### THE DATA
══════
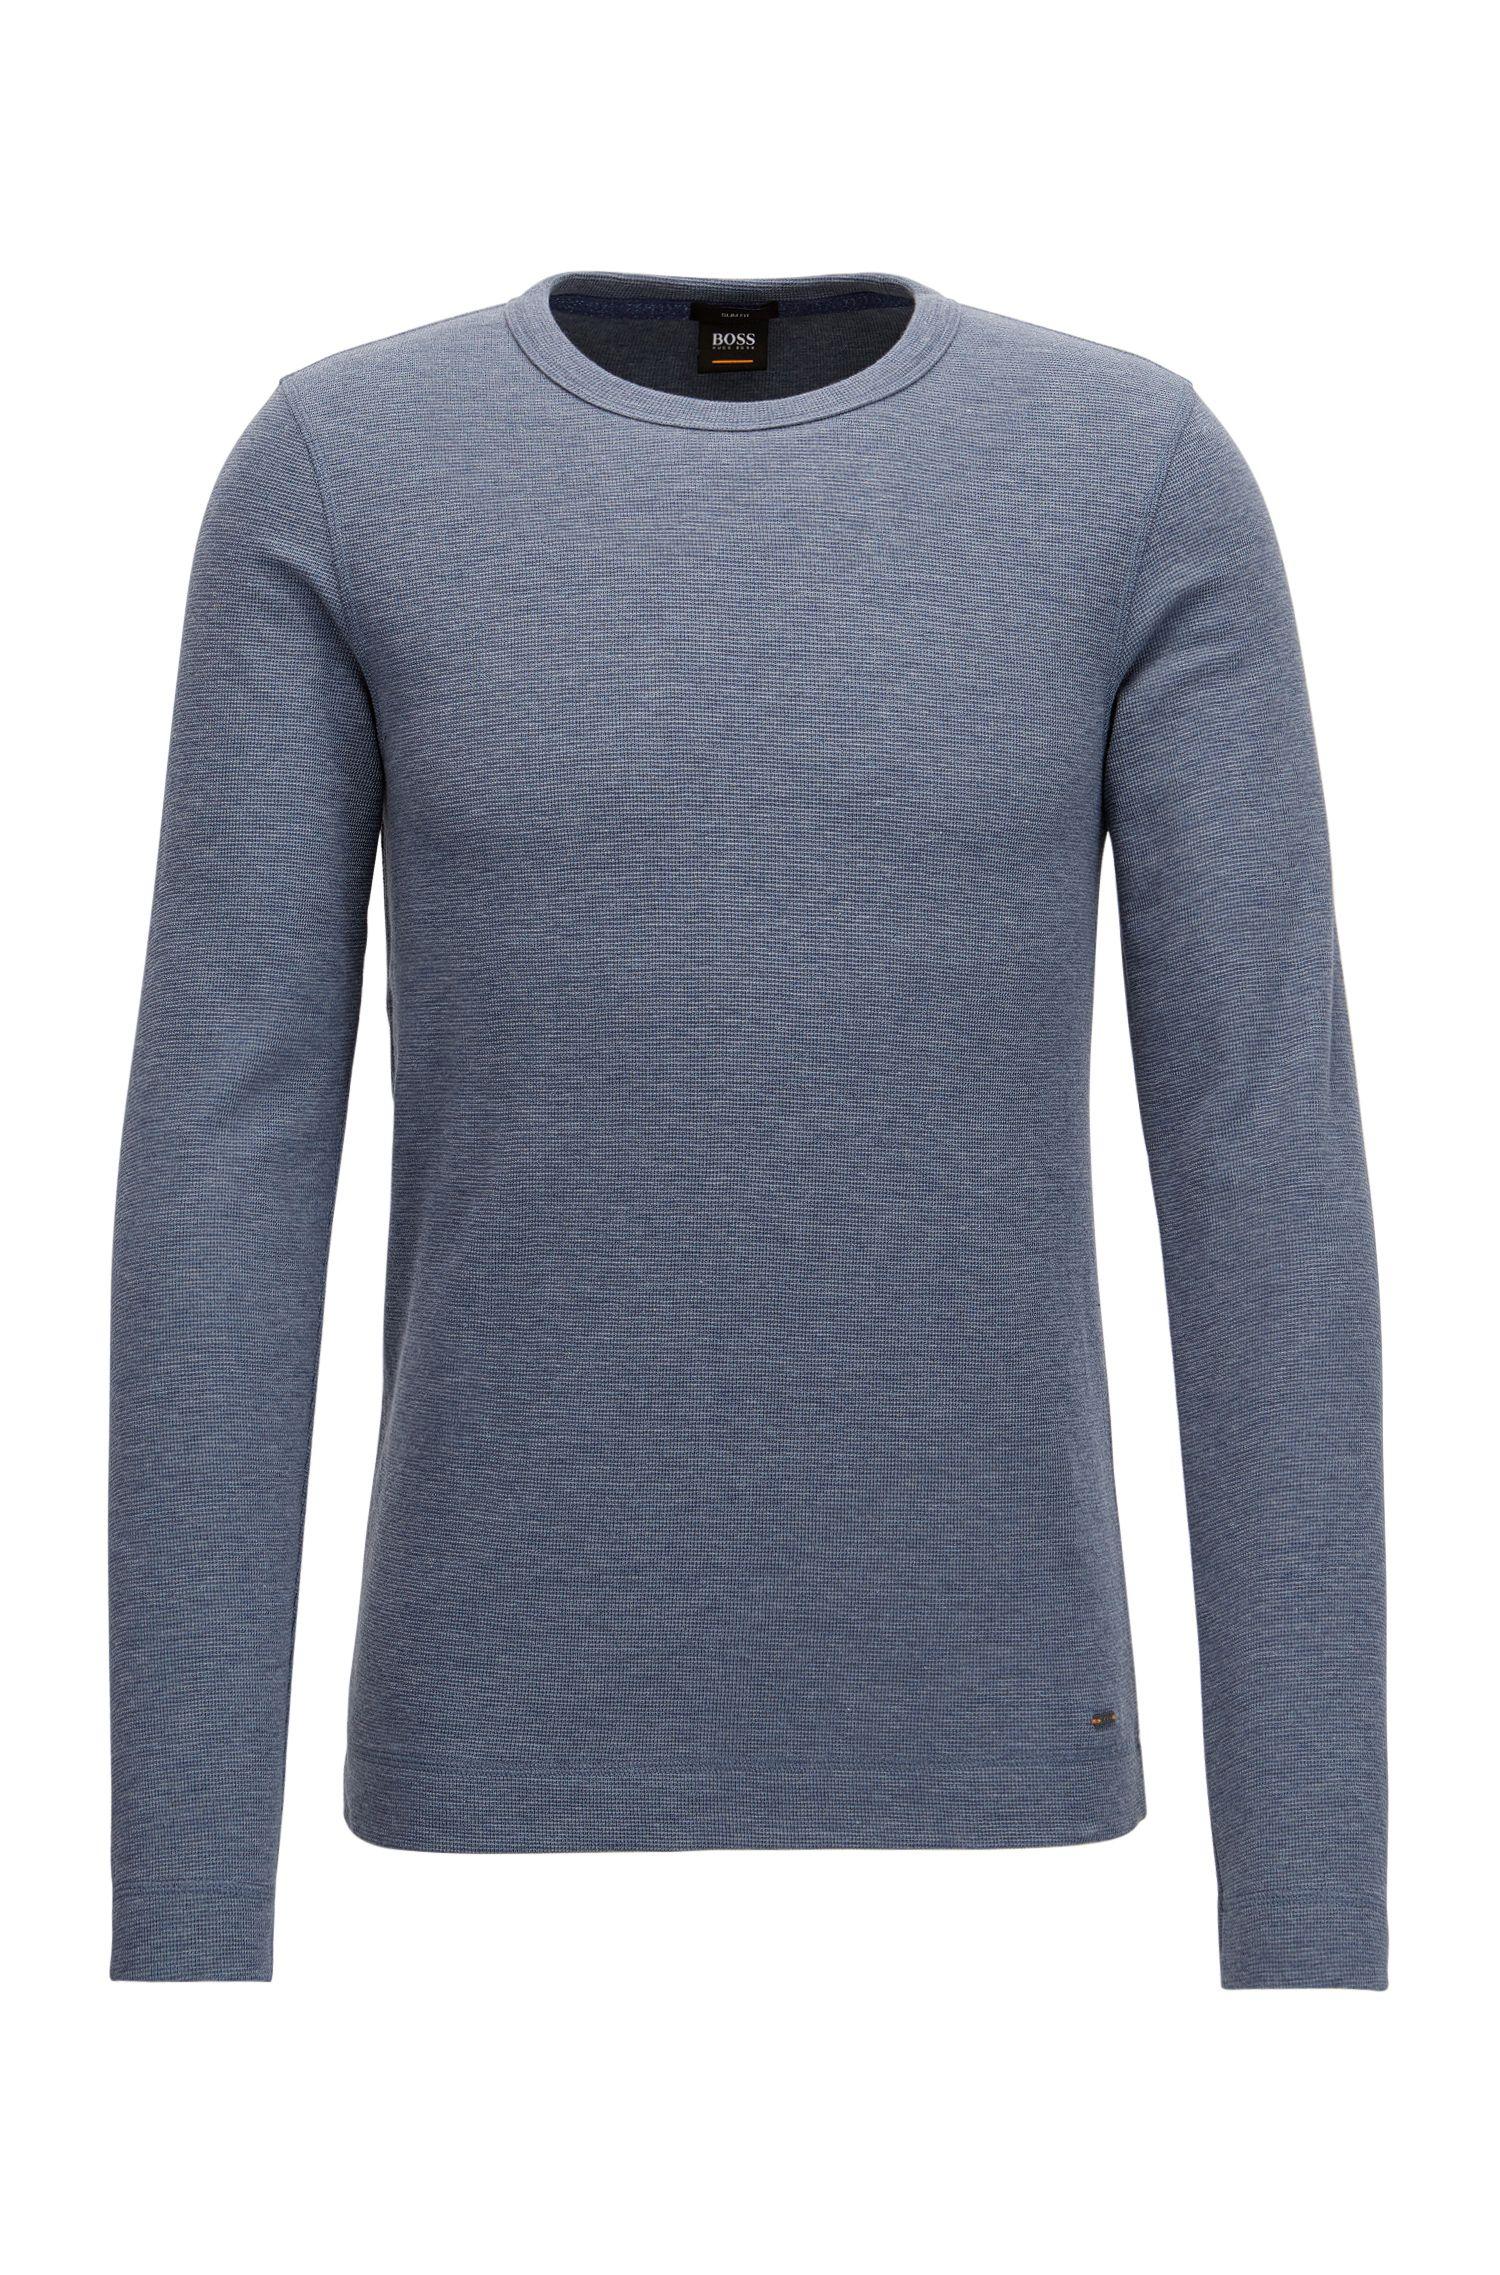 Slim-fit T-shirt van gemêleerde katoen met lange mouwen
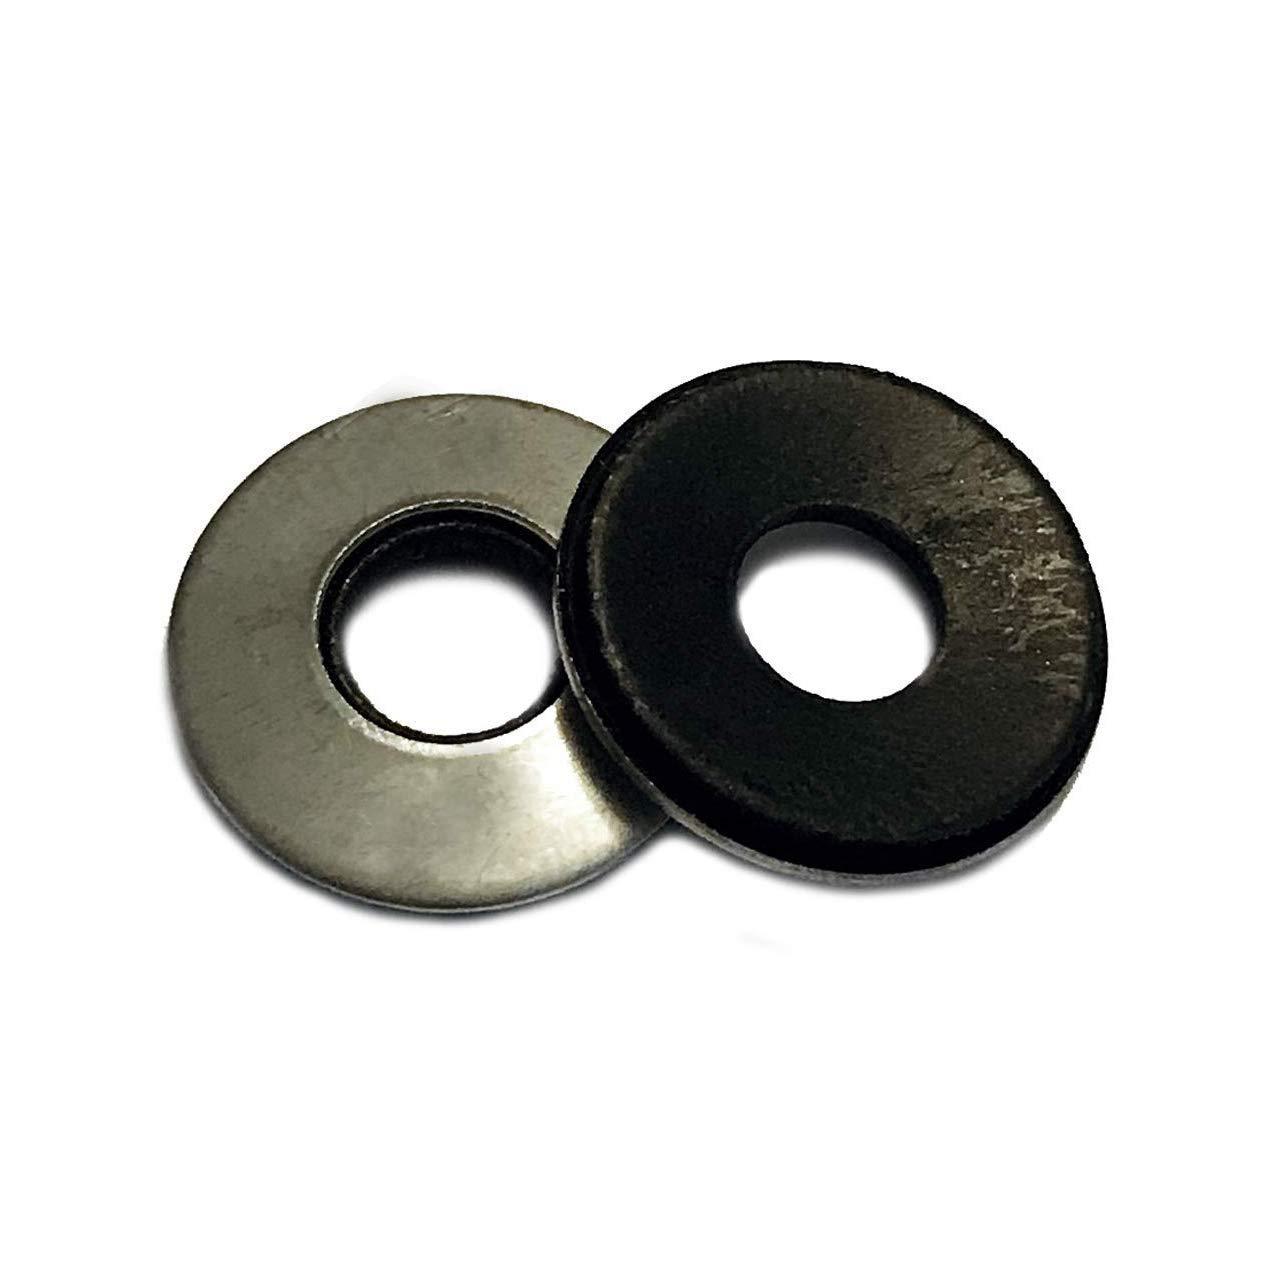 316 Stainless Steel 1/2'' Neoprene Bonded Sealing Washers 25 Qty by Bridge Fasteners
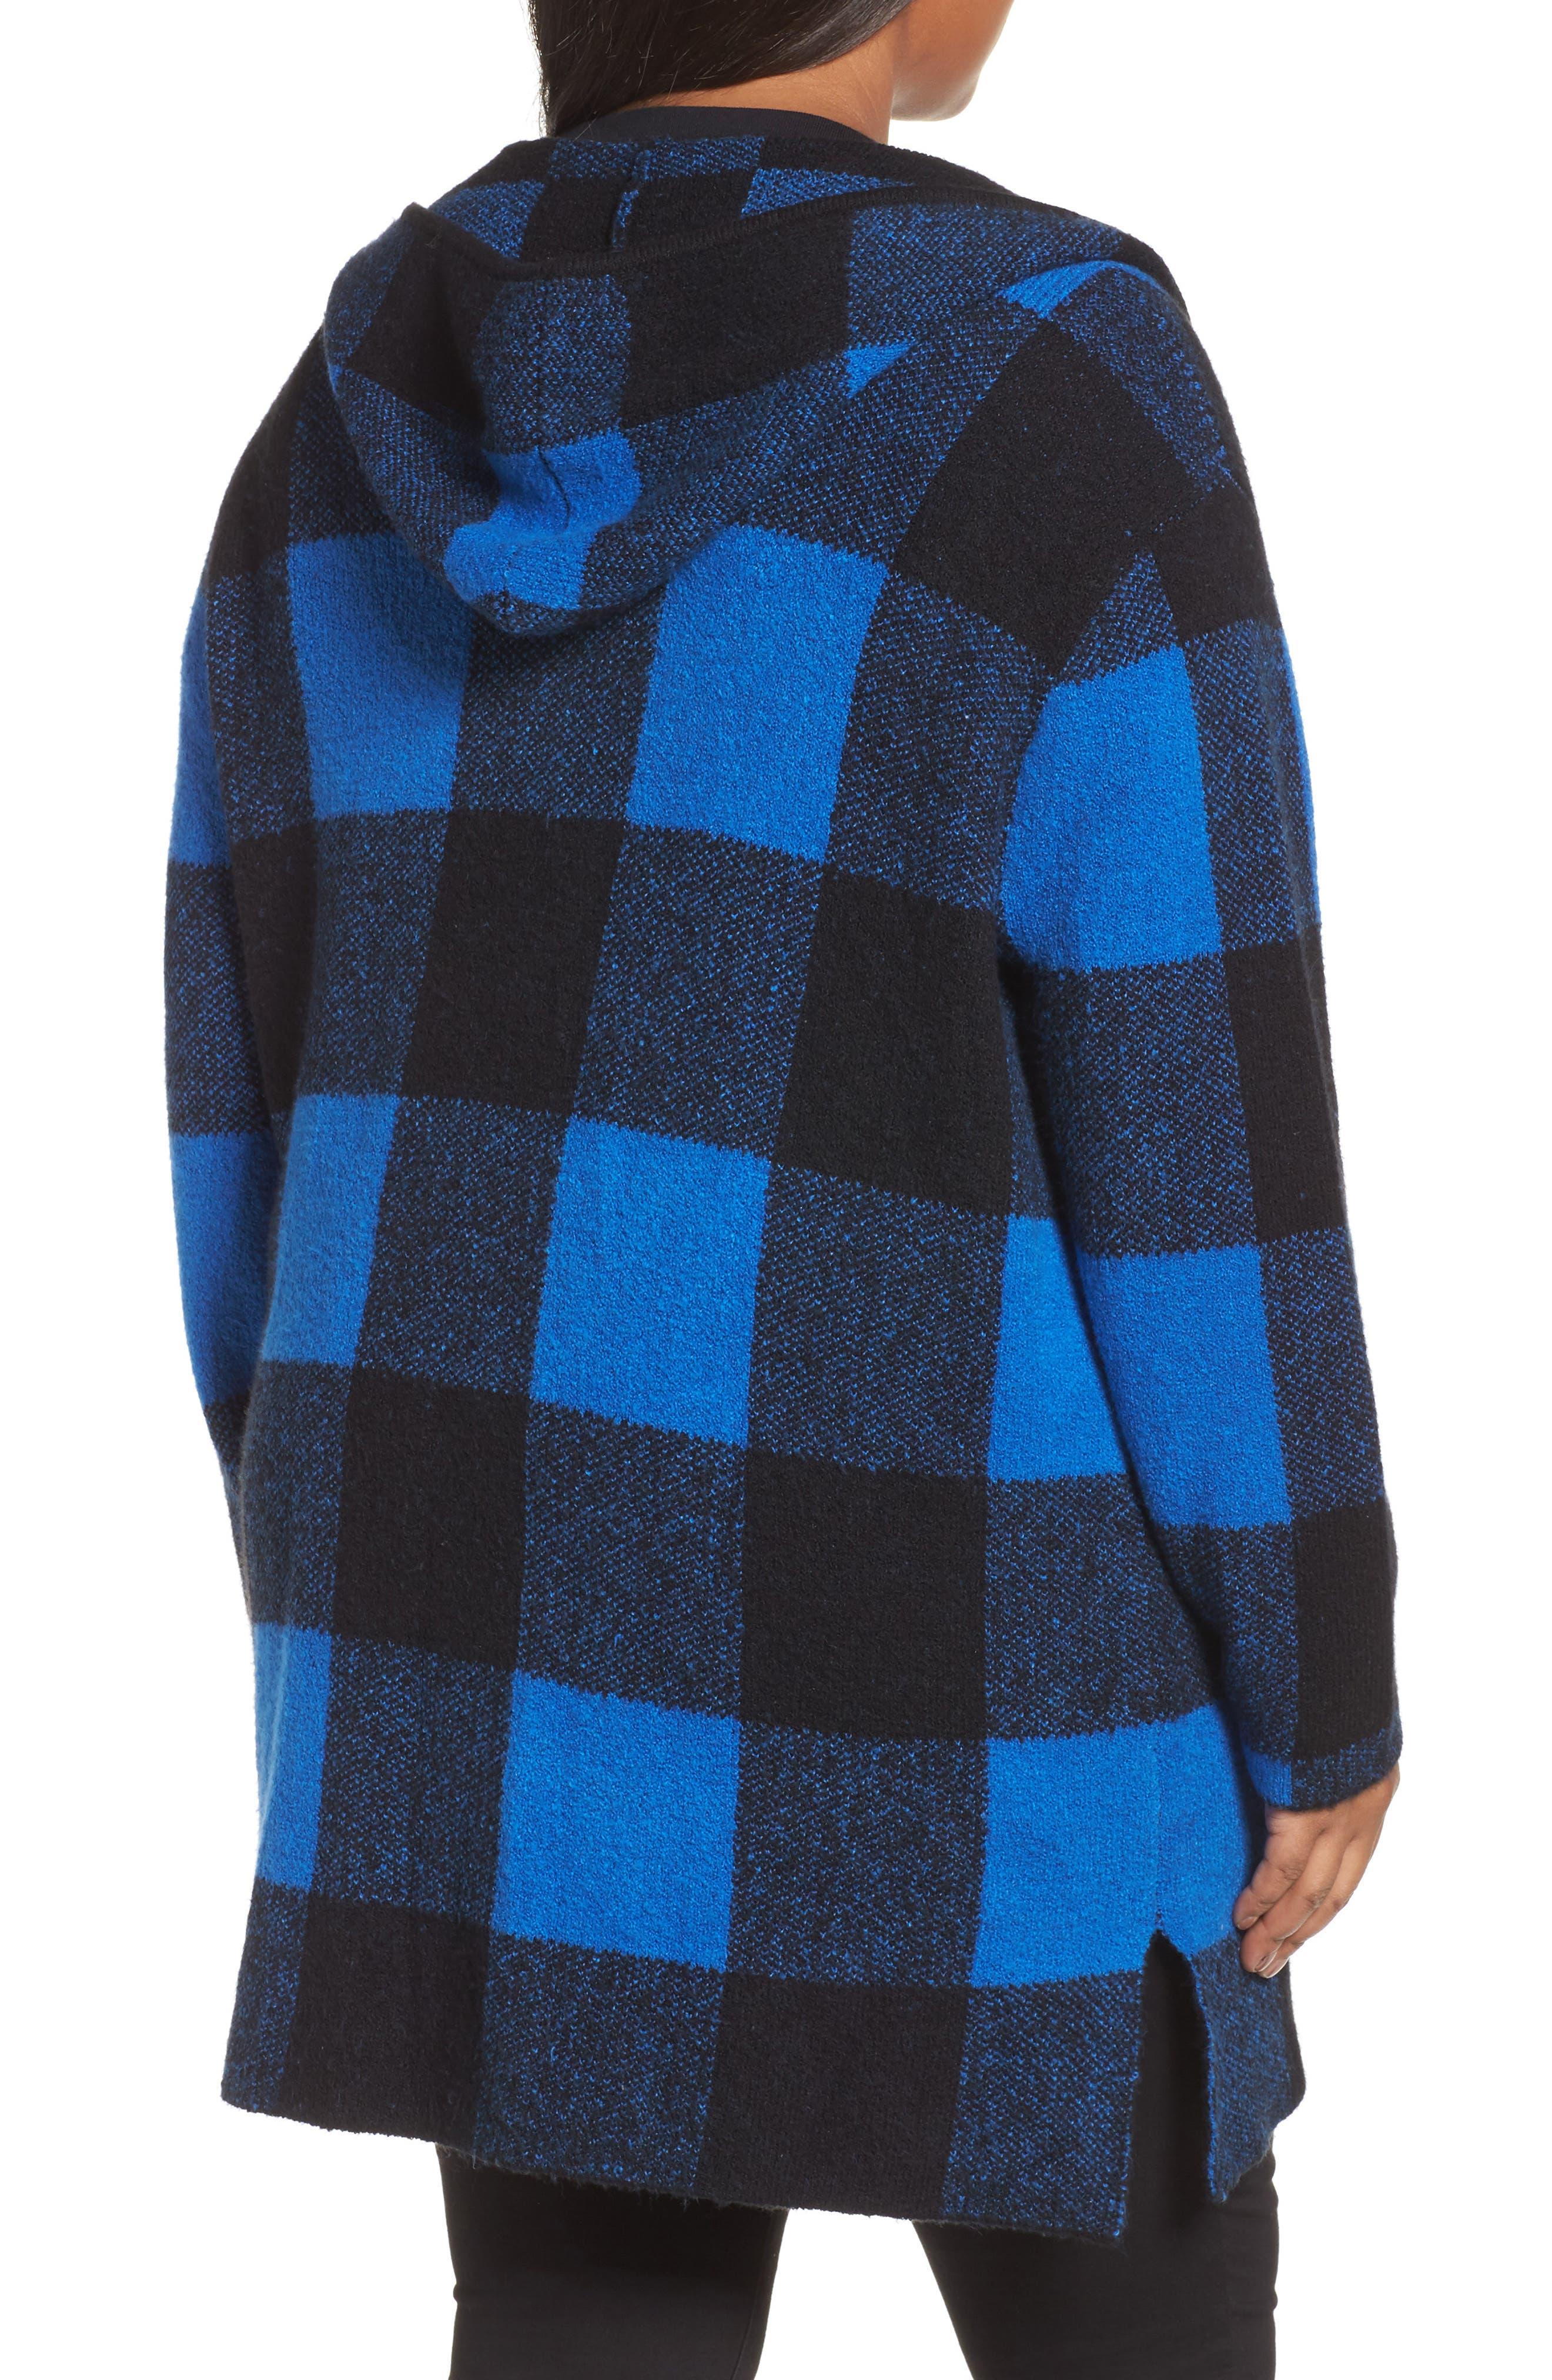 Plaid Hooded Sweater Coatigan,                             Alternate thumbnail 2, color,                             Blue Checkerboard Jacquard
══════
### WHAT YOU SHOULD DO
Would you output the listing above verbatim, without its pictures?

### ANSWER
 Slim-fit T-shirt van gemêleerde katoen met lange mouwen
 316 Stainless Steel 1/2'' Neoprene Bonded Sealing Washers 25 Qty by Bridge Fasteners
 Plaid Hooded Sweater Coatigan,                             Alternate thumbnail 2, color,                             Blue Checkerboard Jacquard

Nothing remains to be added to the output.